Broadly speaking, there are two approaches to understanding the nature of group belief. On the one hand, there is the summative view, according to which group belief is understood as nothing more than the “summation” of the beliefs of the group’s members. On the other hand, there is the non-summative view, where groups are regarded as entities with “minds of their own” and group belief is conceived of as involving actions that take place at the collective level,7 such as the joint acceptance of a proposition. Despite the initial plausibility of the summative approach, it is now received wisdom in collective epistemology that group belief must be understood in non-summative terms. In this chapter, however, I challenge this orthodoxy by raising new, and what I regard as decisive, objections to this approach to group belief. I then go on to develop and defend a new view, which I call the Group Agent Account: group belief is determined in part by relations among the bases of the beliefs of members, where these relations arise only at the level of the collective, and are crucial especially insofar as the group is able to function as an agent. At the same time, group belief is also largely a matter of the individual beliefs of members. In this way, the resulting view is neither strictly summative nor nonsummative.
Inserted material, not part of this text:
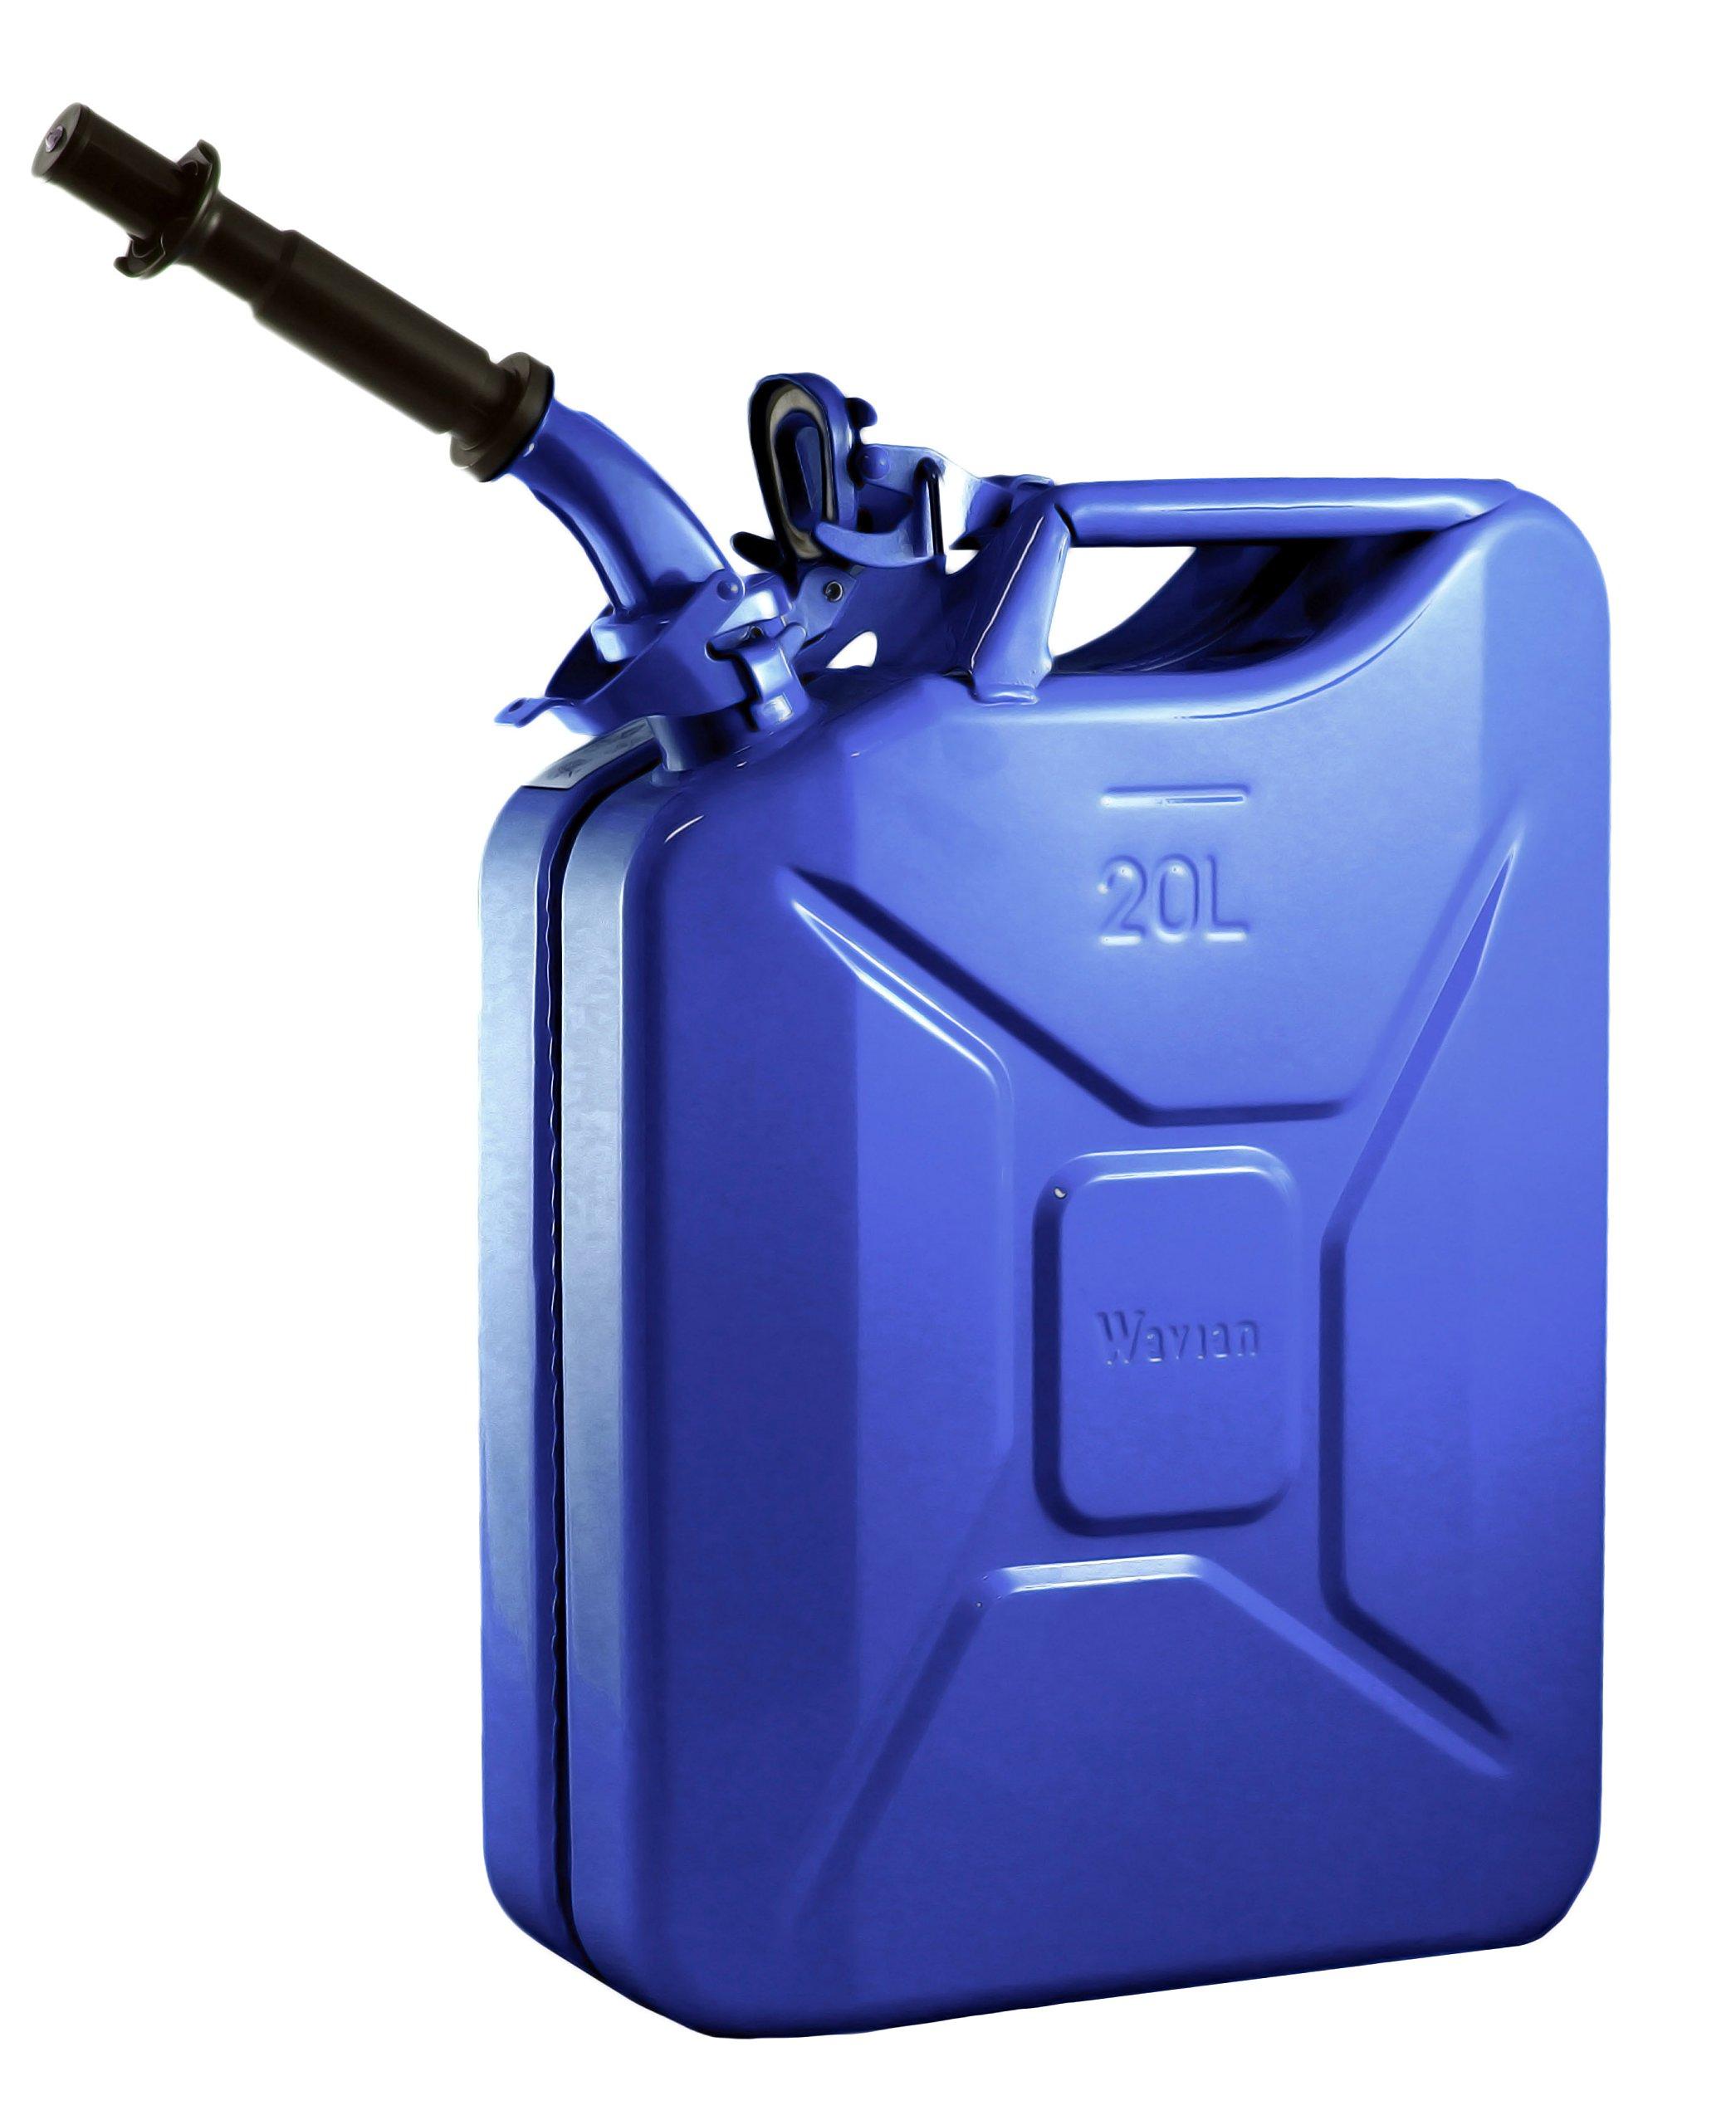 Wavian USA JC0020BLVS Authentic NATO Jerry Fuel Can and Spout System Blue (20 Litre)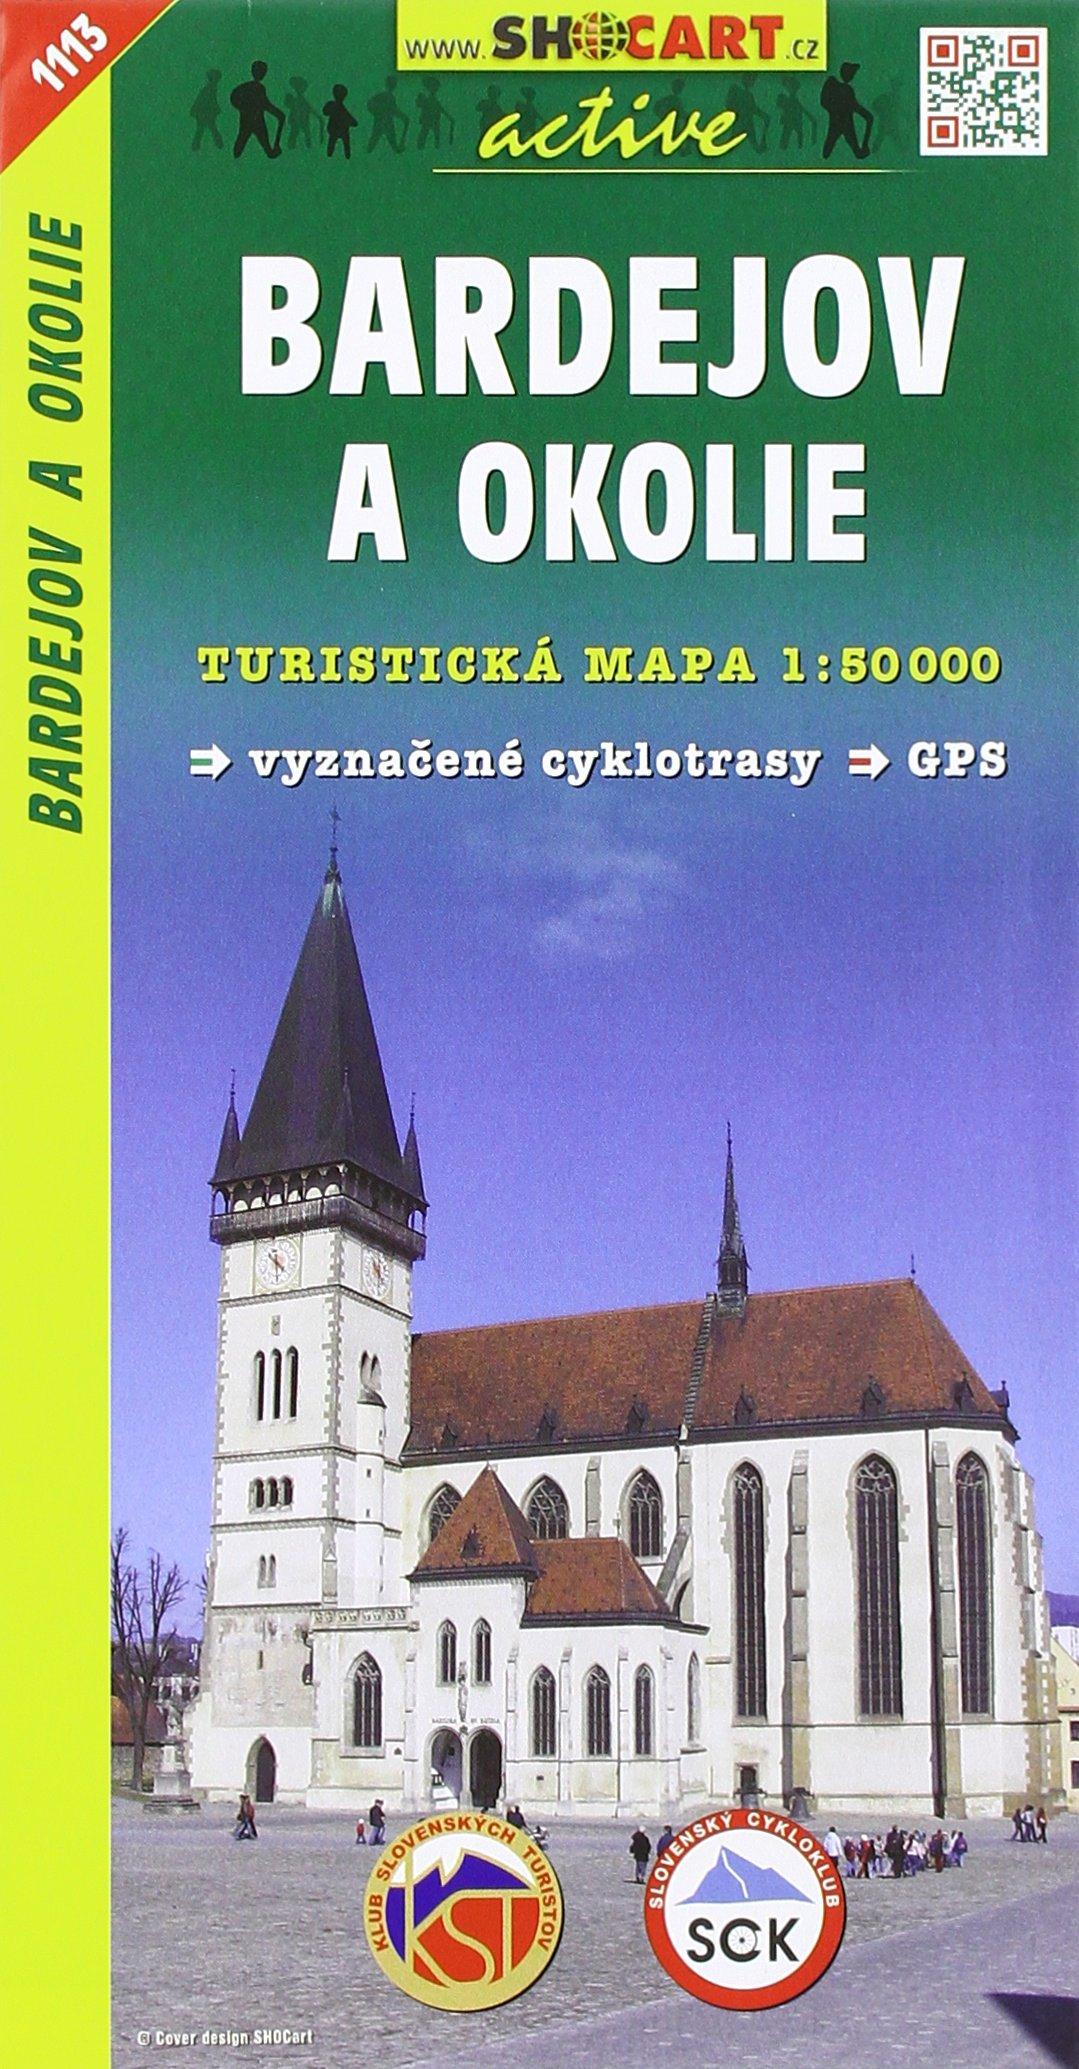 Bardejov a okolie 1:50 000 - Turistická mapa SHOCart Slovensko 1113

1.1 Summative and Non-Summative Views of Group Belief

Let’s begin with the traditional summative account, according to which a group’s believing that p can be understood in terms of the individual members of the group believing that p. A conservative version of the summative account (CSA) can be formulated in the following way:

CSA: A group G believes that p if and only if all or most of the members of G believe that p

The CSA correctly subsumes some classic instances of group belief. For instance, it is plausible to characterize the Northwestern community’s belief that its institution is in Illinois in terms of all or at least most of its members holding this belief However, other common examples of group belief do not seem to fare as well on such a view. Suppose, for instance, that the President of the university issues a statement saying that Northwestern believes that the quarter system is not beneficial to students’ academic success. Suppose further, however, that this belief is held by only a small, yet powerful constituency of the Northwestern community, such as the administration, or an appointed committee that oversees this matter It may still be appropriate to attribute the belief that the quarter system is not beneficial to students’ academic success to the Northwestern community, despite the fact that neither all nor most of its members holds this belief. Because of cases such as this, summative accounts are typically formulated more liberally (LSA) as follows:

LSA: A group G believes that p if and only if some of the members of G believe that p

On this version of the summative view, it may be appropriate to attribute belief that p to G even if only one of its members believes that p. For instance, perhaps it is sufficient that the President of the university alone believes that the quarter system is not beneficial to students’ academic success to properly attribute this belief to Northwestern. This may also be true when a CEO holds a belief within a company, a leader holds a belief within her cult, and a dictator holds a belief within her nation.

Even with this modification, however, the summative account of group belief is said to suffer from a debilitating objection. In particular, it is argued that a group can be properly said to believe that p, even when not a single of its members believes that p A classic example of this sort of case is where a group decides to let a view “stand” as that of the group’s, despite the fact that none of its members actually holds the view in question. For instance, consider the following:

PHILOSOPHY DEPARTMENT: The philosophy department at a leading university is deliberating about the final candidate to whom it will extend admission to its graduate program. After hours of discussion, all of the members jointly agree that Jane Smith is the most qualified candidate from the pool of applicants. However, not a single member of the department actually believes this; instead, they all think that Jane Smith is the candidate who is most likely to be approved by the administration.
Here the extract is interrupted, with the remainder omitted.